While many illustrative mutations exist, here we briefly review loss-of-function mutations in type 17 immunity due to dominant-negative Stat3 mutations, biallelic mutations in ZNF341, which regulates Stat3 transcription, and mutations in IL6ST (gp130) implicated in IL-6 and IL-11 signaling that lead to canonical hyper-IgE syndrome²⁰⁴. Complicated by cutaneous and mucosal Staphylococcal and fungal infections, patients develop eosinophilia but little food allergy or anaphylaxis in part due to diminished mast cell degranulation due to attenuated Stat3 activation. While not entirely clear, loss of negative regulation of IgE class switching by IL-21 on B cells may contribute to the hyper-IgE response²⁰⁵. Loss of control during colonization by cutaneous commensals normally constrained by IL-17 and type 3 responses may lead to activation of ILC2s and Th2 cells in response to injury-induced stem cell proliferation and reinforcement of alarmin⁺ stromal cells, accounting for the high IgE, eosinophilia and atopic dermatitis that occur. Over-lapping phenotypes with mutations in the TGFβR signaling pathway revealed cross-regulation between Stat3 and induction of a negative regulator of SMAD2/3 nuclear localization resulting in increased TGFβ signaling with enhanced IL-4Ra and GATA3 expression in T cells associated with eosinophilia, hyper-IgE and atopic syndromes that respond to therapies targeting type 2 cytokines²⁰⁶. Periods of immune dissonance when two pathogens require antagonistic Th subset responses also expose temporal windows of vulnerability. In SPF mice (immunologically akin to newborn humans), viral challenges at the peak of early type 2 immune responses to parasitic helminths can lead to loss of virologic control and poor outcomes whereas prior helminth infections given time to establish mucosal homeostasis protect against subsequent challenges^207,208,209.

Closing remarks

We focused here on innate type 2 immunity as elaborated by core type 2 cytokines by lymphoid cells in attempting to construct an evolutionary-based model for this pathway in vertebrate health that might be subject to deviation early in life and the increased risk for atopy.
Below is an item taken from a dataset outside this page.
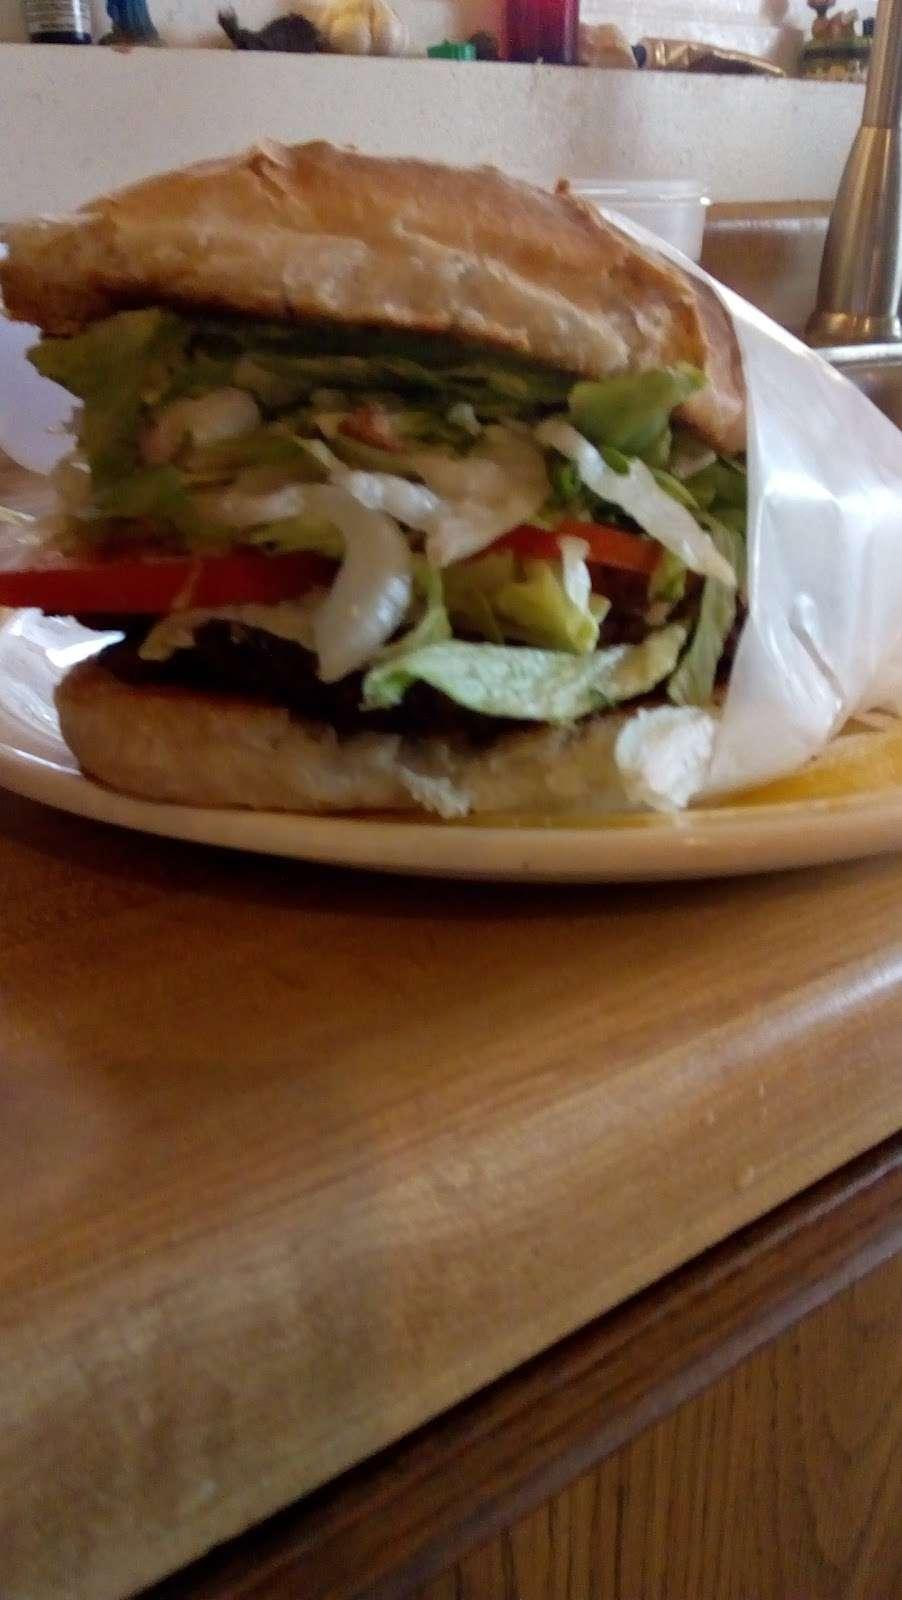 Tortas Juniors - restaurant    Photo 7 of 18   Address: Atenas #3751, Playas, Costa Azul, 22506 Tijuana, B.C., Mexico   Phone: 664 558 1585

Clearly, many other cells and pathways are involved in both homeostasis and allergic pathology, including Treg, non-conventional T cells, B cells and other antigen-presenting cells, and but briefly discussed here. We focused on the core type 2 cytokines due to the successful therapeutic targeting of this pathway in human allergic diseases, while acknowledging key roles for mast cells and IgE (and IgG) antibodies in food allergy, anaphylaxis, urticaria and itch syndromes that can be driven by alternative pathways^189,210, and addressed elsewhere in this Issue. The tissue adaptability of ILC2s and Th2 cells and the evolutionarily honed diversification by domain swapping among the core type 2 cytokines and their receptors create strategies for synthetic receptor engineering²¹¹ and cell-based therapies²¹² to exploit regenerative pathways while reducing inflammatory costs to tissue²¹³. Further study may yield unexpected opportunities to improve health by targeted deployment of components of type 2 immunity during critical windows of need while enlightening the ins and outs of allergic diseases.